The study area for this research is the Dosquebradas farming district in Risaralda Department, Colombia (Figure 2).

Farm Locations and Disaster Events

In Dosquebradas, 30 farms were surveyed (Figure 3). These were mostly growing coffee, with a few fields of avocado. Examination of disaster data on the website of Colombia’s Institute of Hydrology, Meteorology and Environmental Studies (IDEAM) (http://ideam.gov.co, accessed on 15 September 2020) yielded information about 31 disasters affecting Risaralda Department since 1998, e.g., event dates, areas affected, casualties (see Appendix A). Earthquakes were also included in the database because they often cause landslides, which can severely damage farm infrastructure.

Figure 3. The Dosquebradas study area (corresponding to the inset box in Figure 2): locations and areal extents of the farms included in the testing of the insurance system.

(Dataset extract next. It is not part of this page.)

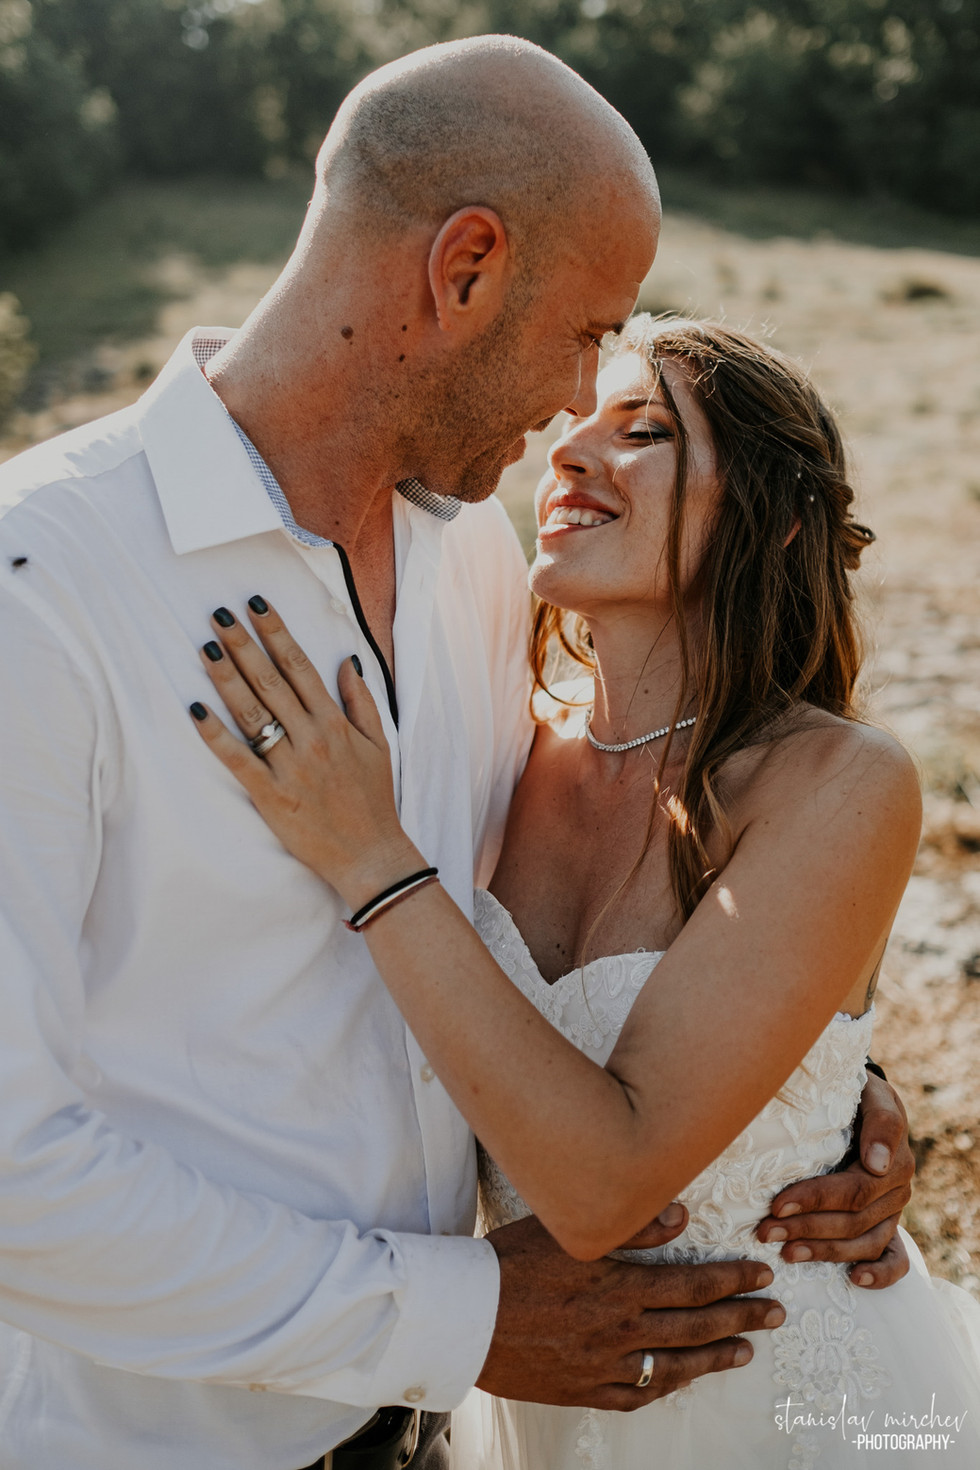 Сватбен фотограф | Станислав Мирчев

Figure 3. The Dosquebradas study area (corresponding to the inset box in Figure 2): locations and areal extents of the farms included in the testing of the insurance system.

2.2. Data Sources

According to Ibarra and Securities [26], data of high quality is essential in building a parametric insurance model. Satellite imagery and digital elevation model (DEM) data were used to examine the study area, involving mapping of terrain (geomorphometry), and monitoring of land cover, crop types and weather (temperature and precipitation). After pre-processing, the various datasets were integrated using QGIS version 3.10. Archive geospatial datasets were processed using Google Earth Engine (GEE), with time-series analyses of vegetation and hydro-meteorological indices. Finally, GPS time-stamped photos provided via mobile phone apps were used for verification purposes, where deep learning was used to identify crop types and health conditions.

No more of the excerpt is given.